The Voice (Francistown)
Chedza Simon
14 August 2007
The University of Botswana (UB) and the European Commission (EC) have signed a grant contract of about Euro 5 million (P42 million).
The grant, according to the UB Vice Chancellor Professor Bojosi Otlhogile, will enable the implementation of a project called Health and Development Innovation Consortium (HDIC), a network of African Caribbean and Pacific universities created to strengthen national HIV and Aids response.
He said, during the signing ceremony on Tuesday, that the overall objective of the project is to strengthen the capacity of higher education institutions in the ACP region to intervene effectively in national and regional issues of health and development.
Otlhogile revealed that the other six ACP universities participating in the HDIC network are Makwere University in Uganda, University of Kinshasa in the DRC, Cheik Anta Diop University in Senegal, University of the West Indies and the University of the South Pacific.
The process leading to the signing of this grant was led by the University of Kwazulu Natal in 2002 but has since been under the leadership of the University of Botswana since August 2003.
"It has involved consultations with national stakeholders and protracted discussions and negotiations with the six participating universities, the EC, the ACP secretariat and the ACP ambassadors to the European Union. The activities culminated in the signing in Brussels, of a financing agreement between he EC and the ACP group of states in November 2006. As a cost sharing arrangement, the six participating institutions are collectively to contribute Euro 1,44 million to the project," said the Vice Chancellor.
The HDIC project is the first multi-country, multi-regional and trans continental project in which UB has been involved in.

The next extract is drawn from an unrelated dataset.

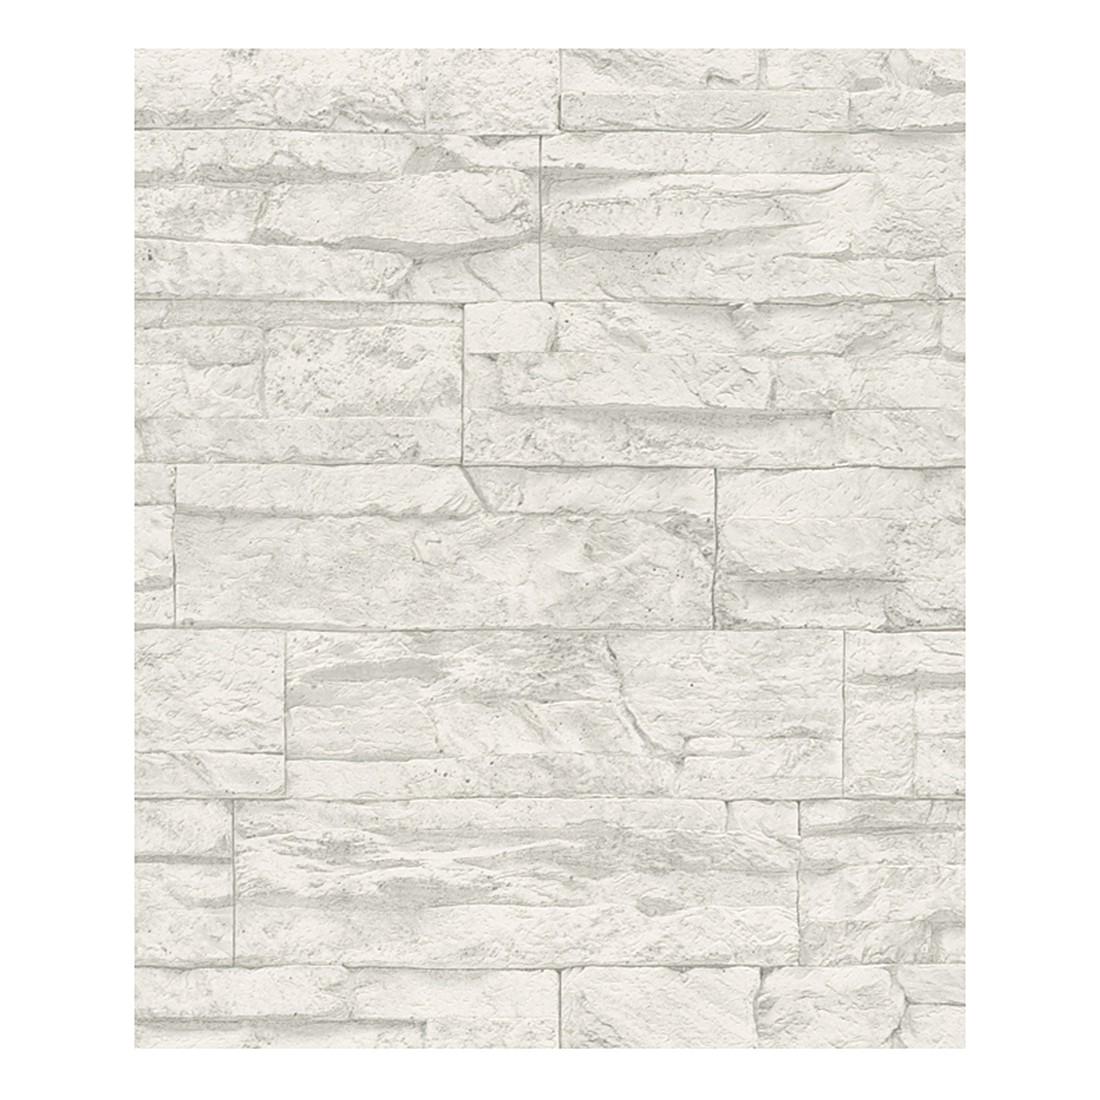 Tapete Wood and Stone – grau, weiß – strukturiert, Home24Deko jetzt bestellen

On his part, Head of the EC delegation, Ambassador Paul Malin, said the signing of the contract is an occasion to recall the fundamental importance of education for development and for the dignity of the human population. Malin has asserted that better education promotes better and healthier lives and is significant factor in the fight against HIV/Aids.
"The EU uses the full range of instruments at its disposal to counter HIV/Aids," he said, adding that the EC and member states "devote substantial resources from country assistance programmes to fight the scourge and our support is mainstreamed into other programmes such as education and health. We use global mechanisms the EU provide over half the funding of the global fund to fight HIV/Aids, tuberculosis and malaria and the EC alone is the third largest contributor to Fund."
The ambassador said the EC has supported the SADC HIV/Aids projects since 2000, which has strengthened the regional response.
"The project is important in a number of ways because it recognises weakness of university response generally. The project is located here because the country is at the forefront of the HIV/Aids epidemic, and sadly with one of the highest prevalence rates. It is also important because it recognises the youth as a window of hope to reverse the path of the disease," he said.
Malin highlighted the need to significantly improve young people's understanding of HIV. "Recent data in Botswana have noted a decline in young peoples' understanding of basic prevention. Whilst there are early encouraging signs of reduced incidence amongst younger population, the prevalence rates for young people, especially women, remain the highest."